Он хотел заговорить, но не находил слов и упрекал себя за смущение, не зная, что Элоди оно было приятнее самых любезных речей. От ее внимания также не ускользнуло – и она сочла это хорошим признаком, – что галстук у него был повязан тщательнее обыкновенного. Она протянула Эваристу руку.
– Я хотела повидать вас, – сказала она, – побеседовать с вами. На ваше письмо я не ответила: оно мне не понравилось; я не узнала в нем вас. Будь оно естественнее, оно было бы любезнее. Я умалила бы достоинства вашего характера и вашего ума, если бы в самом деле поверила, что вы не желаете больше приходить на улицу Оноре только потому, что слегка повздорили о политике с человеком, гораздо старше вас. Будьте покойны, вам нечего опасаться дурного приема со стороны отца, когда вы снова явитесь к нам. Вы не знаете его: он не помнит ни того, что сам сказал, ни того, что вы ответили. Я вовсе не утверждаю, что между вами обоими существует большая симпатия, но он не злопамятен. Говорю вам откровенно: он не слишком интересуется ни вами… ни мной… Он поглощен своими делами и развлечениями.

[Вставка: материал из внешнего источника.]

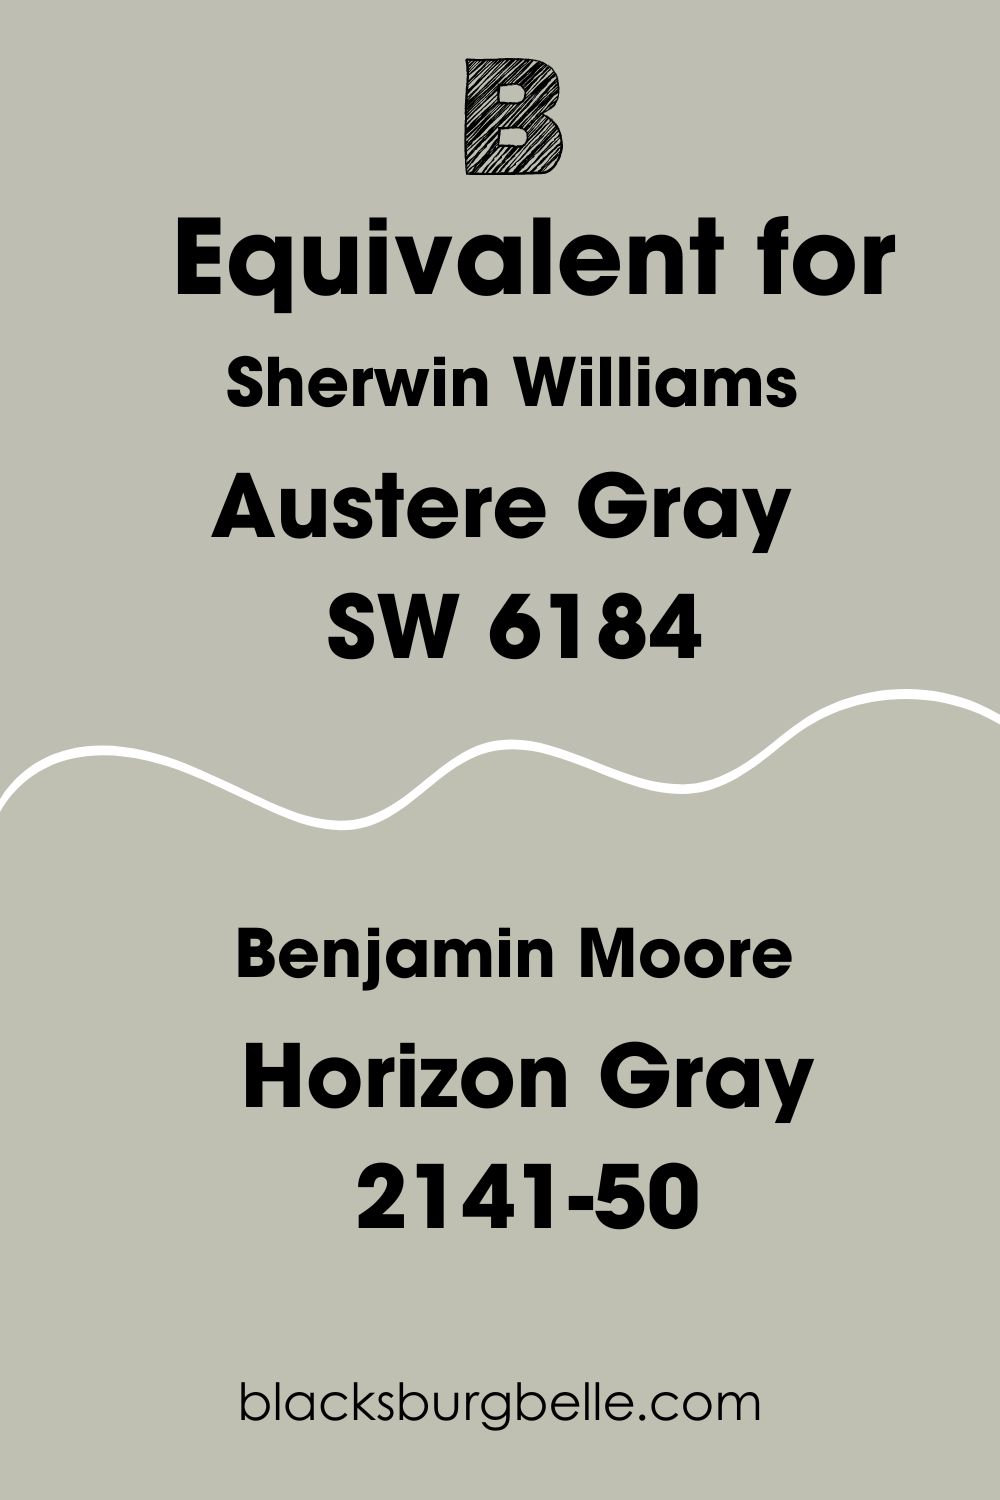 Benjamin Moore Horizon Gray 2141-50

Она направилась к деревьям, окружавшим хижину, куда он последовал за нею не без некоторого отвращения, так как знал, что это – место свиданий с продажными женщинами и приют мимолетной любви. Она выбрала столик в самом укромном уголке.
– Как много должна я вам сказать, Эварист! Дружба имеет свои права: вы разрешите мне воспользоваться ими? Я хочу поговорить с вами – главным образом о вас… и немножко о себе, если вы ничего не имеете против.

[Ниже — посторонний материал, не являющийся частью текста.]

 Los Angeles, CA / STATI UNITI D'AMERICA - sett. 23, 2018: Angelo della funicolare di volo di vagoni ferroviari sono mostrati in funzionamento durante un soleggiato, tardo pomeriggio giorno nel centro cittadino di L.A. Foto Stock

Продавец лимонада принес графин и стаканы, и Элоди сама, как хорошая хозяйка, наполнила их; затем она рассказала Эваристу про свое детство, про мать, красоту которой она охотно превозносила и как любящая дочь и потому, что считала ее источником собственной красоты. Она с уважением говорила о том, какие крепкие люди были ее предки, ибо она гордилась своей буржуазной кровью! Она рассказала также, как, потеряв в шестнадцатилетнем возрасте обожаемую мать, она с тех пор жила без ласки, без поддержки. Обрисовала себя, какой была и в самом деле: живой, чувствительной, смелой женщиной, и прибавила:
– Эварист, я провела слишком печальную и одинокую юность, чтобы не оценить такого сердца, как ваше, и не откажусь по собственной воле и без борьбы, предупреждаю вас, от чувства симпатии, на которое, мне казалось, я могу рассчитывать и которое мне дорого.

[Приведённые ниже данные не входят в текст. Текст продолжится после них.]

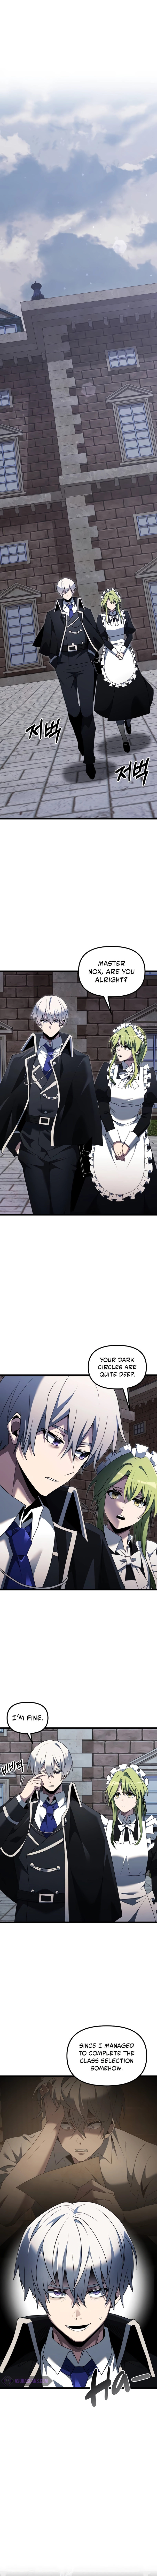 Terminally-Ill Genius Dark Knight - Chapter 48 Page 2

Эварист с нежностью посмотрел на нее:
– Неужели, Элоди, я вам не безразличен? Смею ли я этому верить?..
Он замолчал из боязни сказать лишнее и злоупотребить столь доверчиво предложенной дружбой.
Она с открытым видом протянула ему маленькую' руку, выглядывавшую наполовину из длинного, узкого, отделанного кружевом рукава. Грудь ее вздымалась от глубоких вздохов.
– Припишите мне, Эварист, все чувства, которые вы хотели бы, чтобы я к вам питала, и вы не ошибетесь в моем сердечном расположении.
– Элоди, Элоди, повторите ли вы это, когда узнаете…
Он запнулся.
Она опустила глаза.
Он шепотом докончил:
– …что я люблю вас?
При последних словах она покраснела – от удовольствия. В ее глазах он мог бы прочитать нежную страсть, но в то же время, против воли, насмешливая улыбка приподымала уголки ее рта. Она думала:
«И ему кажется, что он объяснился первым!.. А может быть, он даже боится, что рассердил меня!..»
Она ласково сказала ему:
– Вы, значит, не заметили, друг мой, что я вас люблю?
Им казалось, что они одни во всем мире. В порыве восторга Эварист устремил взор к залитому солнцем лазурному небосводу:
– Глядите: небо смотрит на нас! Оно так же восхитительно, так же благосклонно, как и вы, моя возлюбленная; оно, подобно вам, ослепляет своим блеском, подобно вам, улыбается кротко…
Он чувствовал себя слившимся со всей природой, он делал ее участницей своей радости, своего торжества. Ему представлялось, что, празднуя его обручение, канделябрами загорались цветы каштанов и вспыхивали исполинские факелы тополей.
Он наслаждался своей силой и величием. Она, более нежная и тонкая, более гибкая и податливая, уже считала себя вправе воспользоваться преимуществами слабого пола и, покорив Эвариста, подчинялась его воле; завладев им, ока теперь видела в его лице господина, героя, бога, сгорала от желания восхищаться им, повиноваться, отдаться ему. В тени деревьев он запечатлел на ее устах долгий пламенный поцелуй; она запрокинула голову и в объятиях Эвариста почувствовала, что тело ее становится мягким, как воск.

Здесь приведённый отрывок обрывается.